We just enabled liveness and readiness probes on our deployments. We urge the dgraph team to enable such probes by default as it is not expected to have a Helm chart with probes disabled. We also suspect that having probes disabled might largely contribute to this issue as the cluster resumes writing operation too early and the cluster is not yet ready.
This behavior was also observed when a crash occurred only partially, with the majority of replicas going offline and restarting (2 out of 3 replicas not available).
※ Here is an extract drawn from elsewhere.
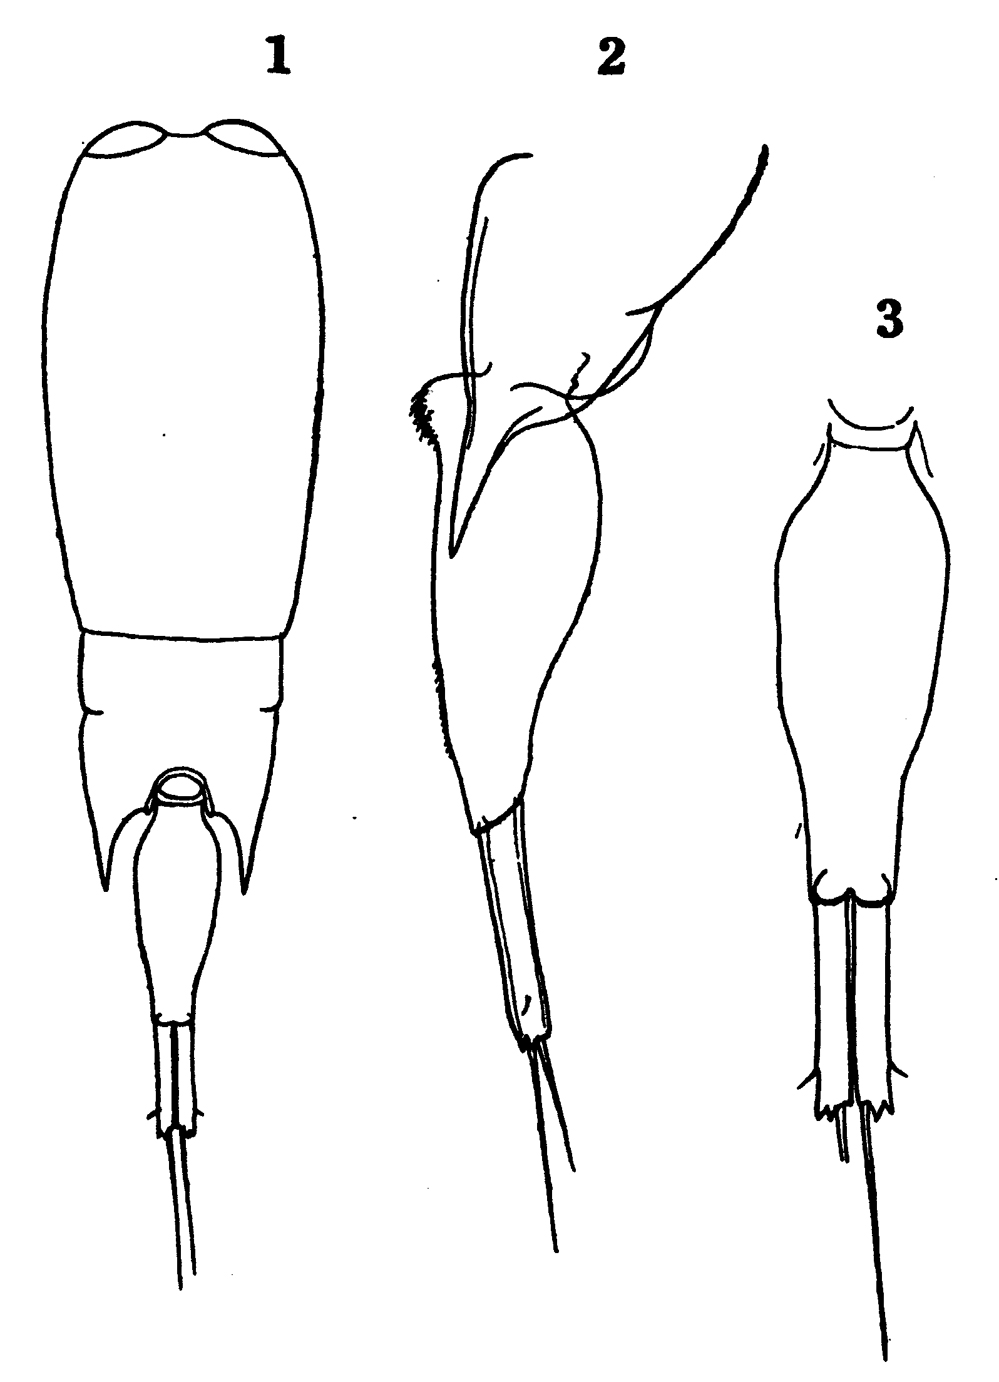 Species Farranula carinata - Plate 11 of morphological figures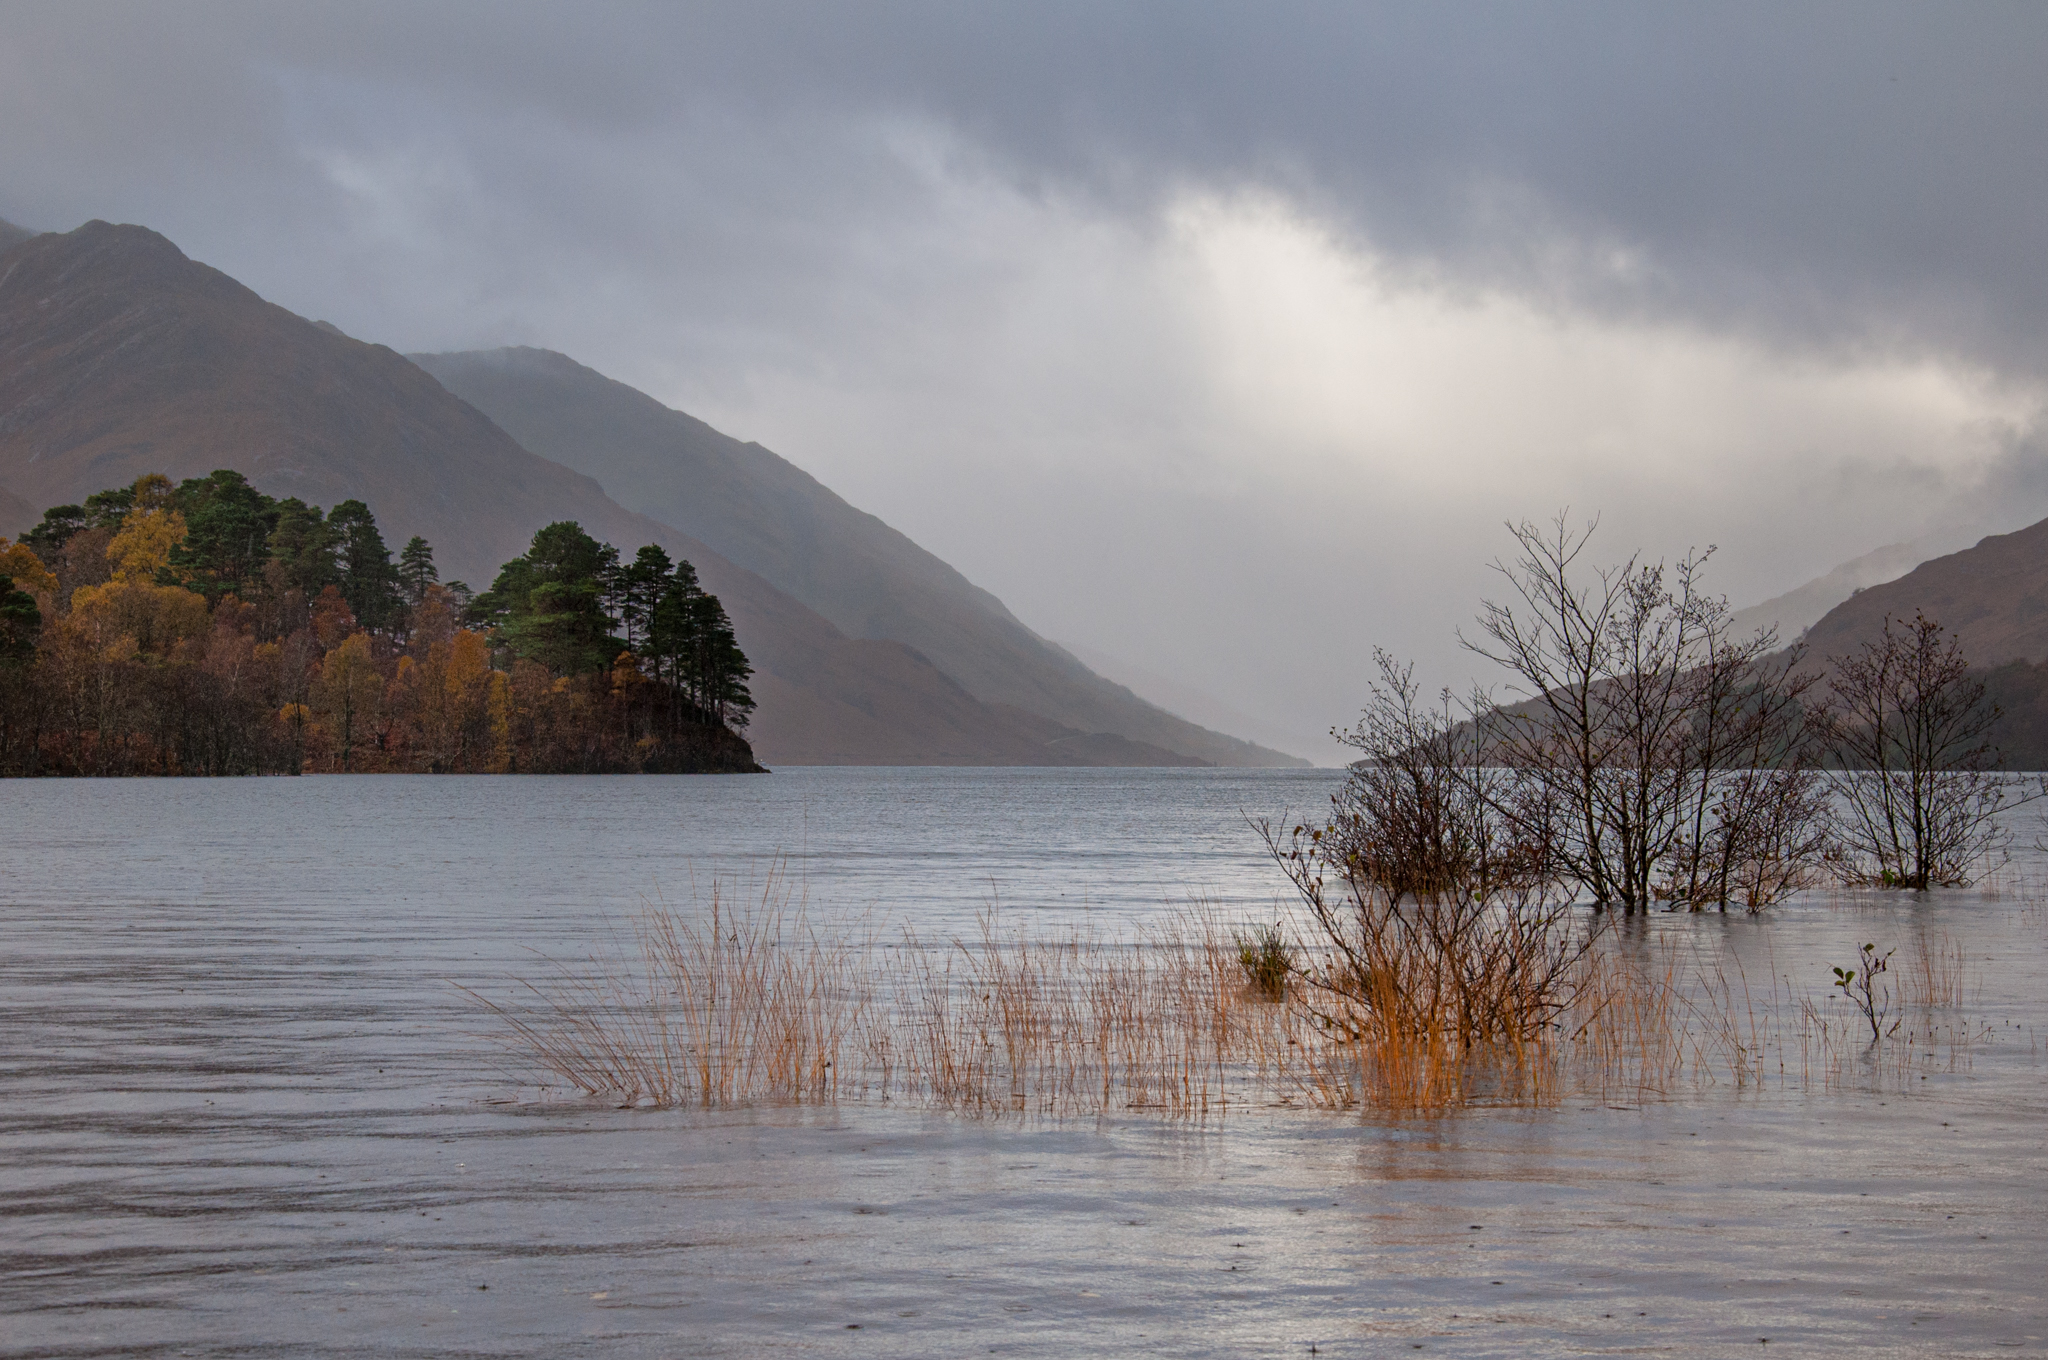 Trees lie submerged in Loch Shiel after heavy rain

We strongly invite the dgraph team to simulate disasters through preemptible machines as this is a valuable experiment to verify dgraph’s disaster recovery capabilities. If a scenario like the one here described was to happen in a production environment, where the cluster experiences a sudden disruption of the services, and it is not able to recover anymore, it would likely have a tremendous impact on normal operations as well as business operations with a long downtime for the service which relies on dgraph.